German Chancellor’s Refusal to Shake Hands at G20 Summit Criticized as Counterproductive

The decision of German Chancellor Olaf Scholz and Foreign Minister Annalena Bärbock to refrain from shaking hands with Russian Foreign Minister Sergei Lavrov during the G20 summit in India has drawn criticism.


Focus columnist Ulrich Reitz has expressed the view that this gesture was aimed at portraying Moscow as isolated, but he argues that it is an ineffective approach that lacks diplomatic finesse.

Isolation Narrative and Its Flaws

Reitz points out that the refusal to shake hands with Lavrov was an attempt to depict Russia as isolated on the international stage.
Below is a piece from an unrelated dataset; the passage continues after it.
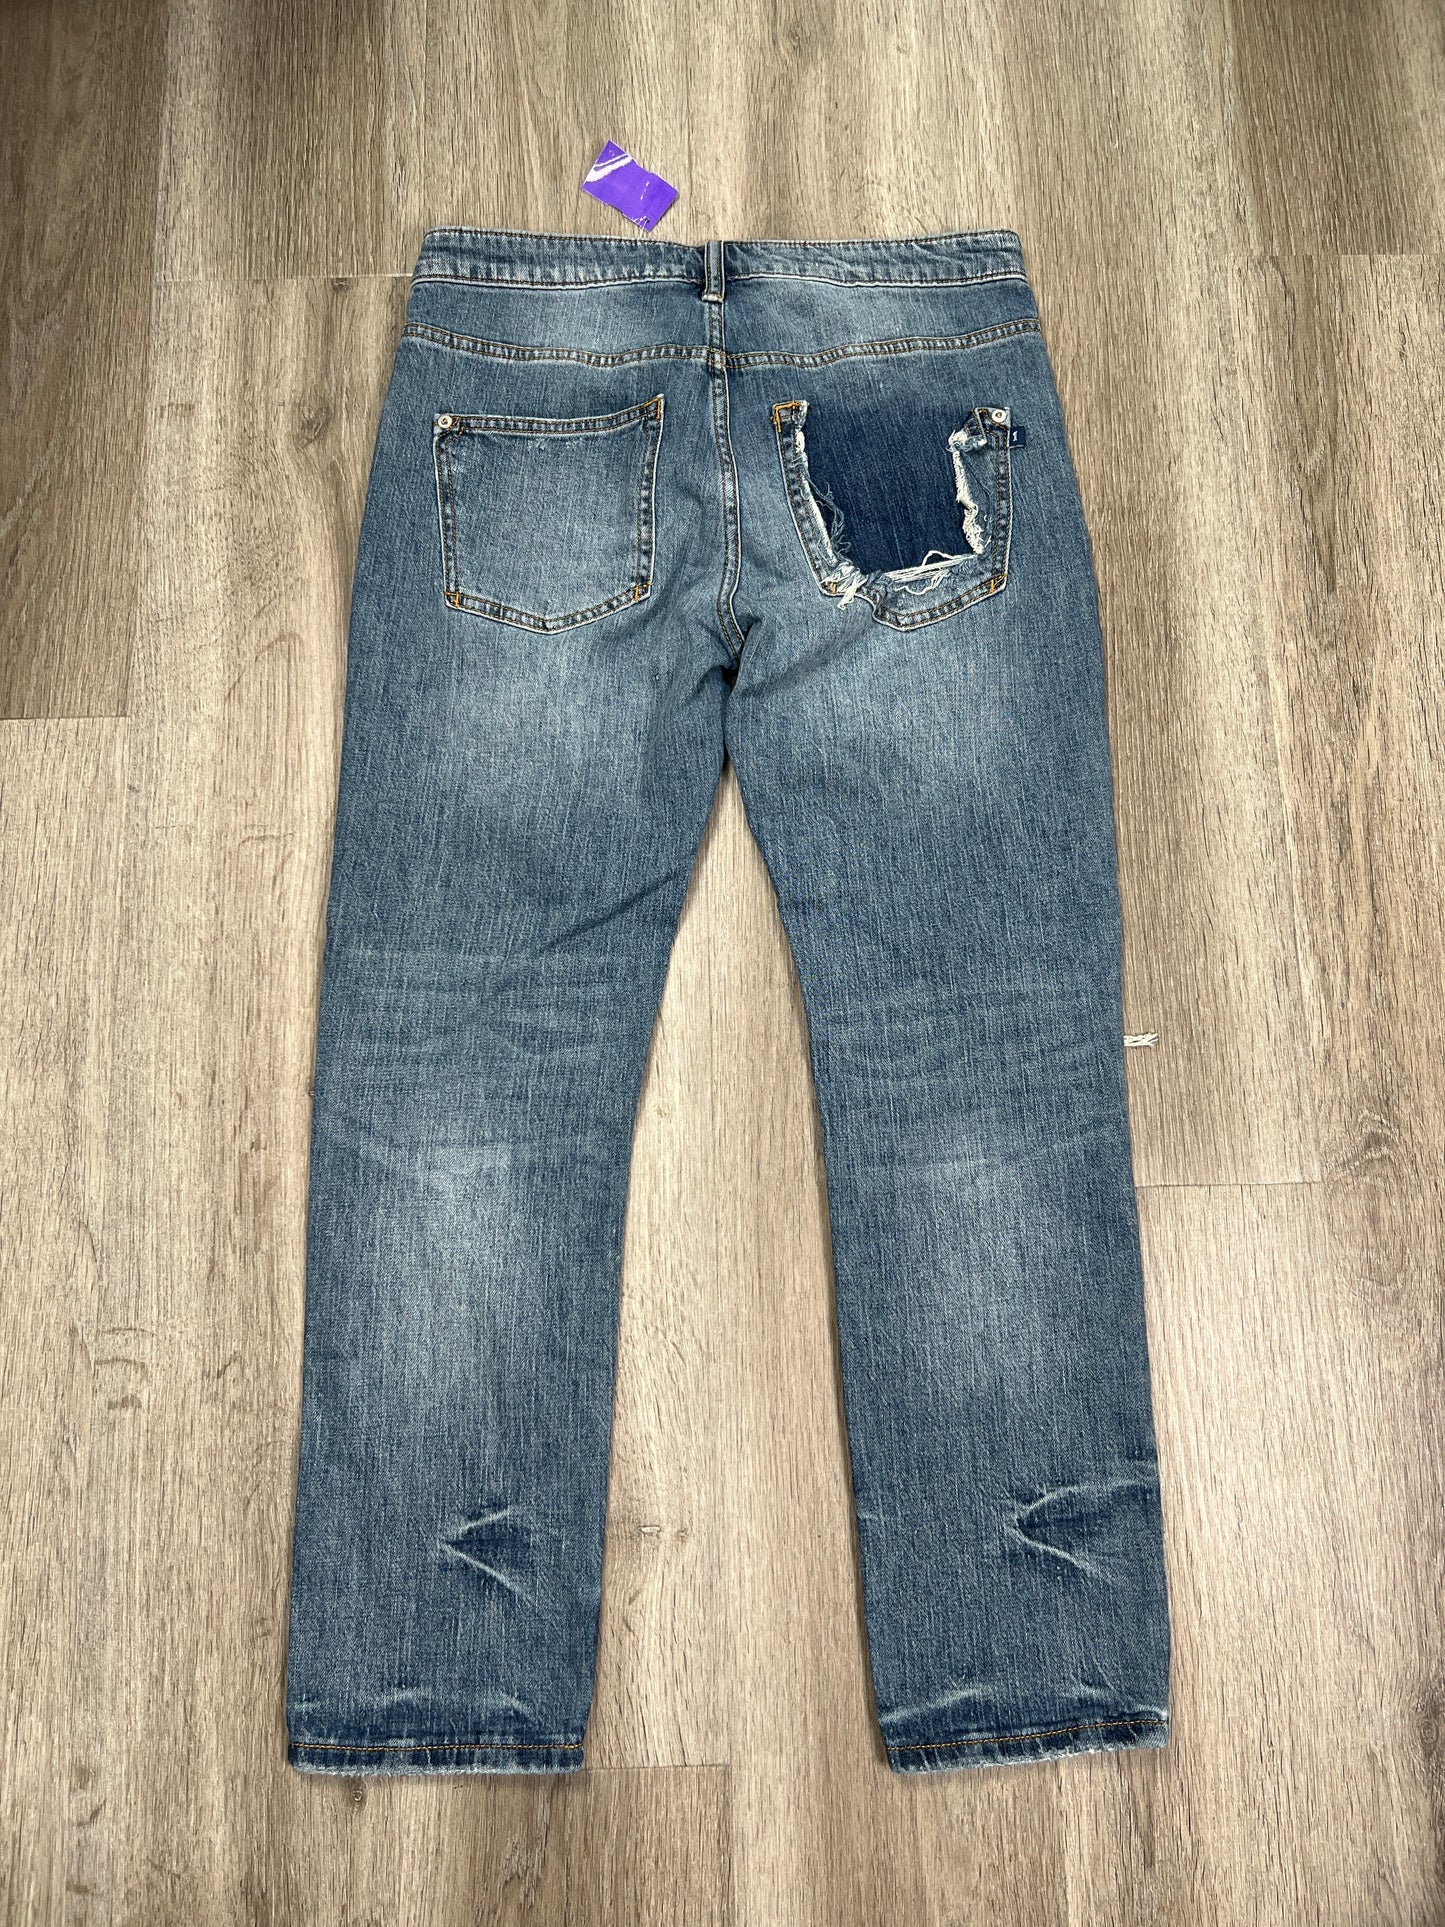 Blue Denim Jeans Cropped Pilcro, Size 2

However, he highlights two key flaws in this strategy.

Firstly, he asserts that Russia is not truly isolated, given its active engagement with countries like those in the BRICS coalition. Secondly, he believes that such symbolic actions serve no practical purpose and instead reinforce self-righteousness without achieving diplomatic objectives.

Symbolic Policy Criticized

Reitz characterizes this approach as a “demonstrative” and “symbolic policy” that lacks substance. He believes that it is counterproductive and ultimately a display of weakness rather than a strategic diplomatic maneuver. He emphasizes that diplomacy should prioritize seeking mutual understanding and cooperation rather than symbolic gestures.

Complex G20 Summit

The G20 summit in New Delhi was described as one of the most challenging in the forum’s nearly fifteen-year history. Svetlana Lukash, Russia’s G20 Sherpa, attributed these challenges to disagreements over issues like Ukraine and broader topics such as climate change and the transition to low-carbon energy systems.

In summary, the refusal to shake hands with the Russian foreign minister at the G20 summit has sparked debate, with critics like Ulrich Reitz arguing that such symbolic gestures lack diplomatic efficacy and undermine the pursuit of mutual understanding in international relations.